*Your objective:*
The answer must consist solely of the lines below starting at the one containing "Mehrere Kinder spielen" and ending at the one containing "Crocs Flat Shoes - Black", repeated exactly, with both ends included and all pictures omitted.

*Extracted data:*

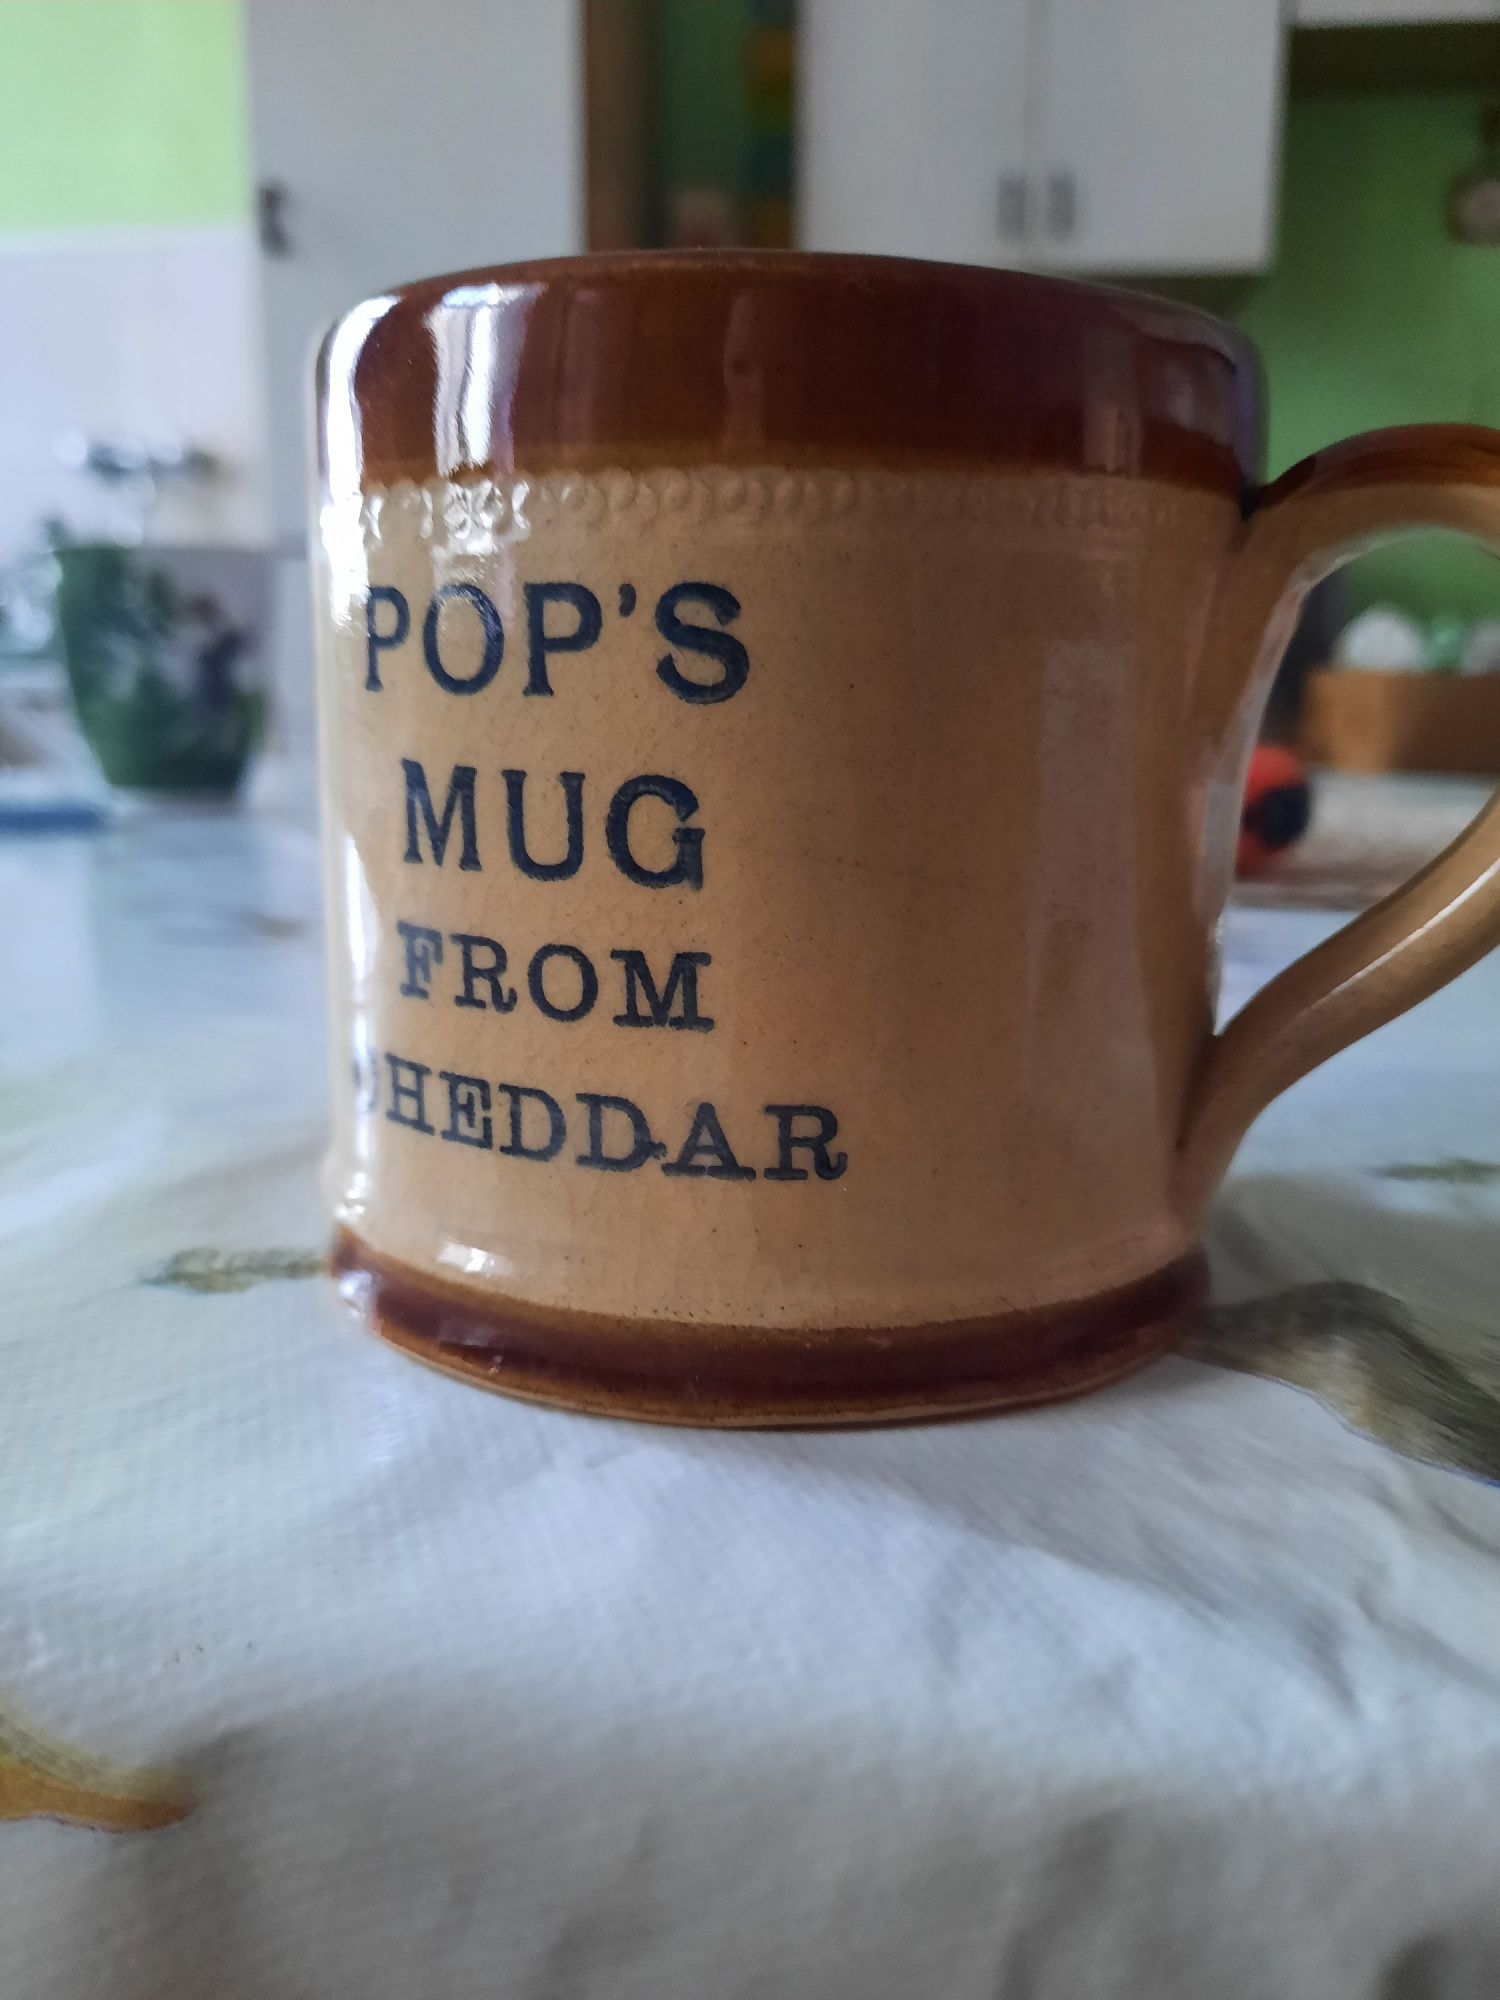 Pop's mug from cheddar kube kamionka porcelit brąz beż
==
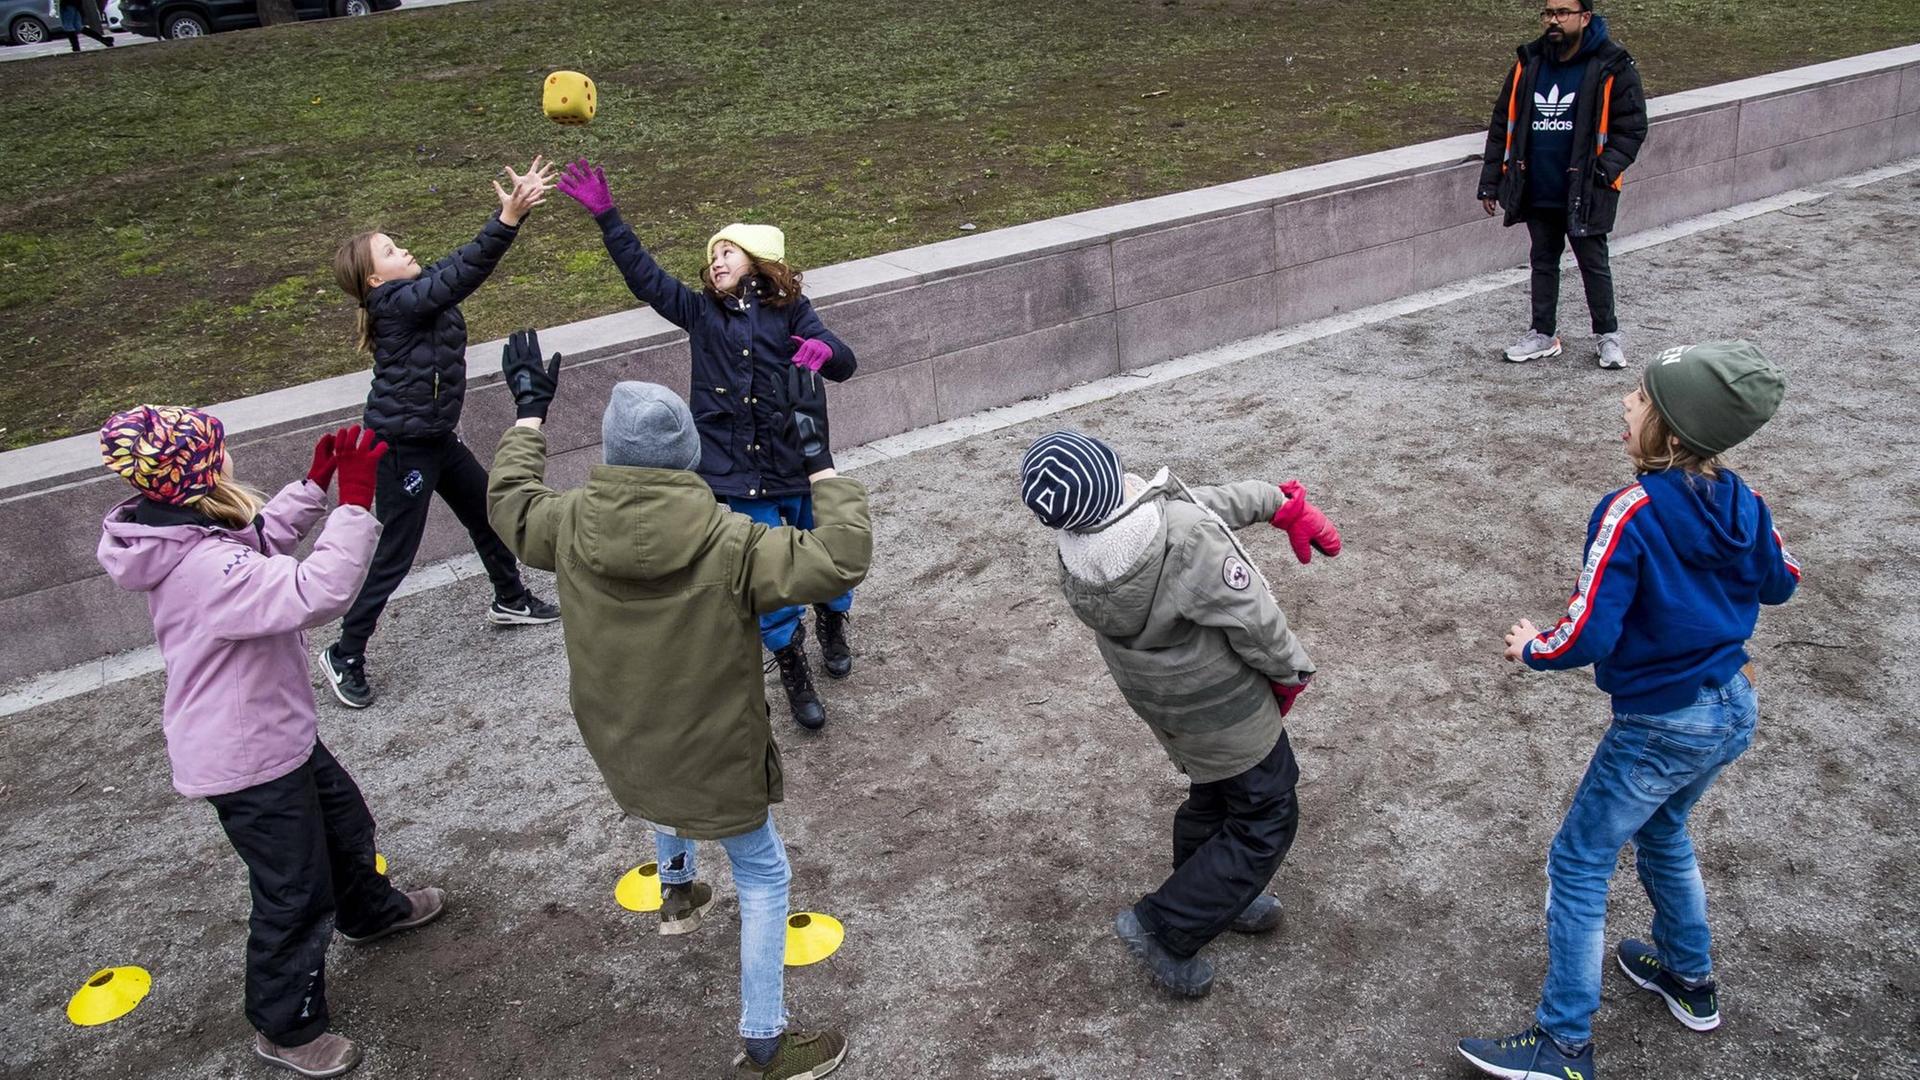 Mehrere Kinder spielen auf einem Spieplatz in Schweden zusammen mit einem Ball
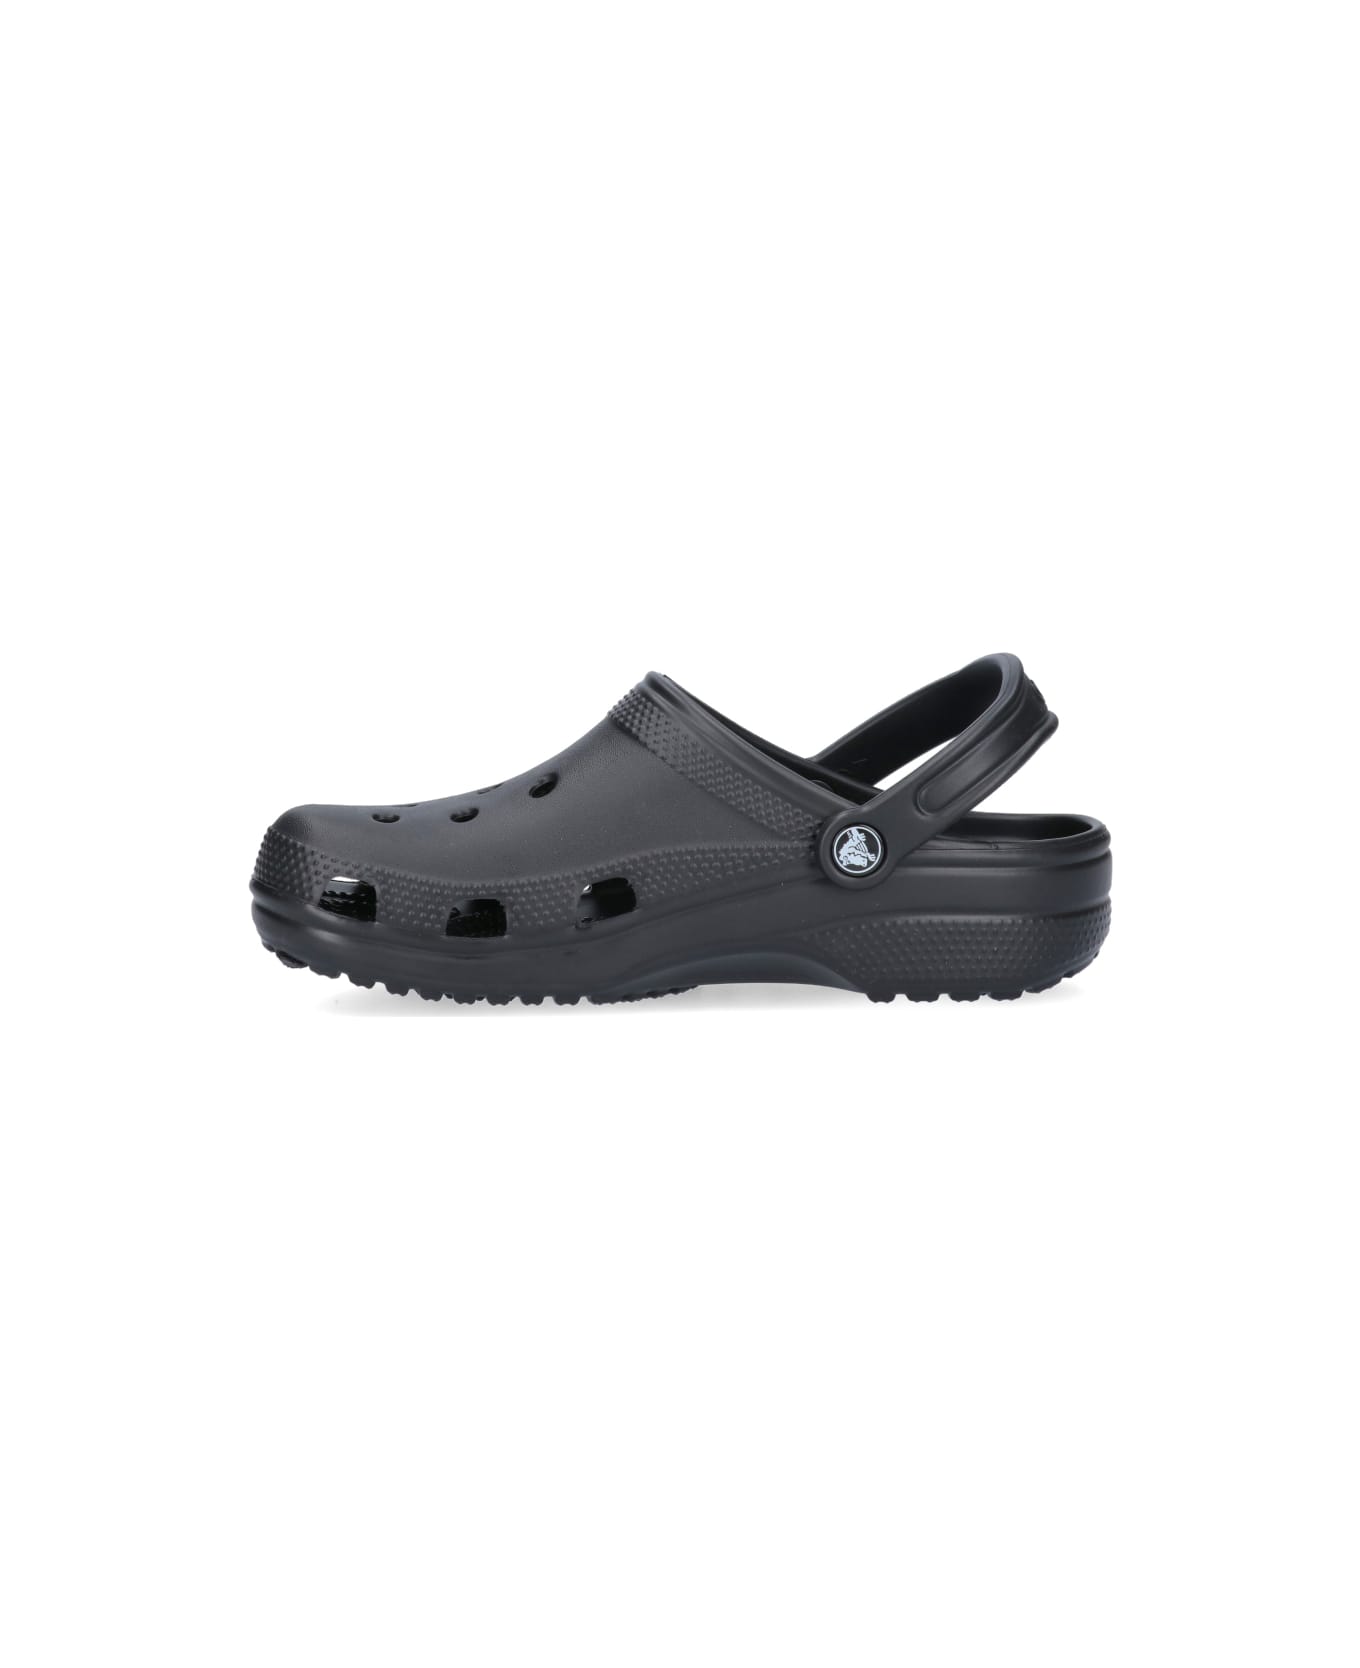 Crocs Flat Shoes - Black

*Result of the task:*
 Mehrere Kinder spielen auf einem Spieplatz in Schweden zusammen mit einem Ball
 Crocs Flat Shoes - Black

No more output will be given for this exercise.